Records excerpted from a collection
• • • •

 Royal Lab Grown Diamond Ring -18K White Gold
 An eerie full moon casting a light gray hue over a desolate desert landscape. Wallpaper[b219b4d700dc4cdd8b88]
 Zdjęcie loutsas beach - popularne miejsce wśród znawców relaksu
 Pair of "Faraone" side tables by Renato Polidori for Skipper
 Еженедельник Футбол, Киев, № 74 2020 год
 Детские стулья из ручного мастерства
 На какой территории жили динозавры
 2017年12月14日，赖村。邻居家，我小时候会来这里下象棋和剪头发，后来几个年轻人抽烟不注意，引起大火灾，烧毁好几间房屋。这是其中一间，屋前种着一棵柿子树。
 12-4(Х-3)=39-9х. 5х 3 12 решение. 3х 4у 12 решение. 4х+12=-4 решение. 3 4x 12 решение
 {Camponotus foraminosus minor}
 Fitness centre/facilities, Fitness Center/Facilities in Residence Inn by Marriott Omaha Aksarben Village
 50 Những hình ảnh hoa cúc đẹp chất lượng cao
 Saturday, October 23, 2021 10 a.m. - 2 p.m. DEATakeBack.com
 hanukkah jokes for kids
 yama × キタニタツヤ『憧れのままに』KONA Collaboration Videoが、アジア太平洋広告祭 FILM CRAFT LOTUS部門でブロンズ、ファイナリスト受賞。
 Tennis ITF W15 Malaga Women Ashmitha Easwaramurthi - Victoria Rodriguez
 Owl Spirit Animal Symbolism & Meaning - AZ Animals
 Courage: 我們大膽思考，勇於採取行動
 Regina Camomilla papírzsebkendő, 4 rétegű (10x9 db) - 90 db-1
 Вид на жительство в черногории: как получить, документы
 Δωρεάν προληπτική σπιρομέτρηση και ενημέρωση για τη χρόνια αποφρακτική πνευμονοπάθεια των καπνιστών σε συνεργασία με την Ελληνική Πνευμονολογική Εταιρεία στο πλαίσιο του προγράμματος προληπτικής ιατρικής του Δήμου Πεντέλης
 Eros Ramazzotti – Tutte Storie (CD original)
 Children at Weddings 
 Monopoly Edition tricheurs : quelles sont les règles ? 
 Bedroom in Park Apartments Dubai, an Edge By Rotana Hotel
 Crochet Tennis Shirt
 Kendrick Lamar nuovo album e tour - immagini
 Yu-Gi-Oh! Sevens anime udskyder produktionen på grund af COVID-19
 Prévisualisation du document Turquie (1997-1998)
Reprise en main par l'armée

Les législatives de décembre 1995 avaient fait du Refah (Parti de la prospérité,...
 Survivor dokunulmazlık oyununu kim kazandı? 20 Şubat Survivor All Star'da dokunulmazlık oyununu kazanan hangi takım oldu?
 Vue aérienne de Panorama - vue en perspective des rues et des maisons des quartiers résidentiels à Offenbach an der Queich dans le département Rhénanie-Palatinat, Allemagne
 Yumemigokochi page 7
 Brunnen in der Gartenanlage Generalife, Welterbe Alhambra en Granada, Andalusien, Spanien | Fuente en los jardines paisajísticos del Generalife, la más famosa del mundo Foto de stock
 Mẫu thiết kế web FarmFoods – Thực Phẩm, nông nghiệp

• • • •

* TASK INSTRUCTIONS: Return exactly the lines in the records above, beginning with the one that holds "Survivor dokunulmazlık oyununu" and ending with the last.

* RESPONSE TO THE TASK:
 Survivor dokunulmazlık oyununu kim kazandı? 20 Şubat Survivor All Star'da dokunulmazlık oyununu kazanan hangi takım oldu?
 Vue aérienne de Panorama - vue en perspective des rues et des maisons des quartiers résidentiels à Offenbach an der Queich dans le département Rhénanie-Palatinat, Allemagne
 Yumemigokochi page 7
 Brunnen in der Gartenanlage Generalife, Welterbe Alhambra en Granada, Andalusien, Spanien | Fuente en los jardines paisajísticos del Generalife, la más famosa del mundo Foto de stock
 Mẫu thiết kế web FarmFoods – Thực Phẩm, nông nghiệp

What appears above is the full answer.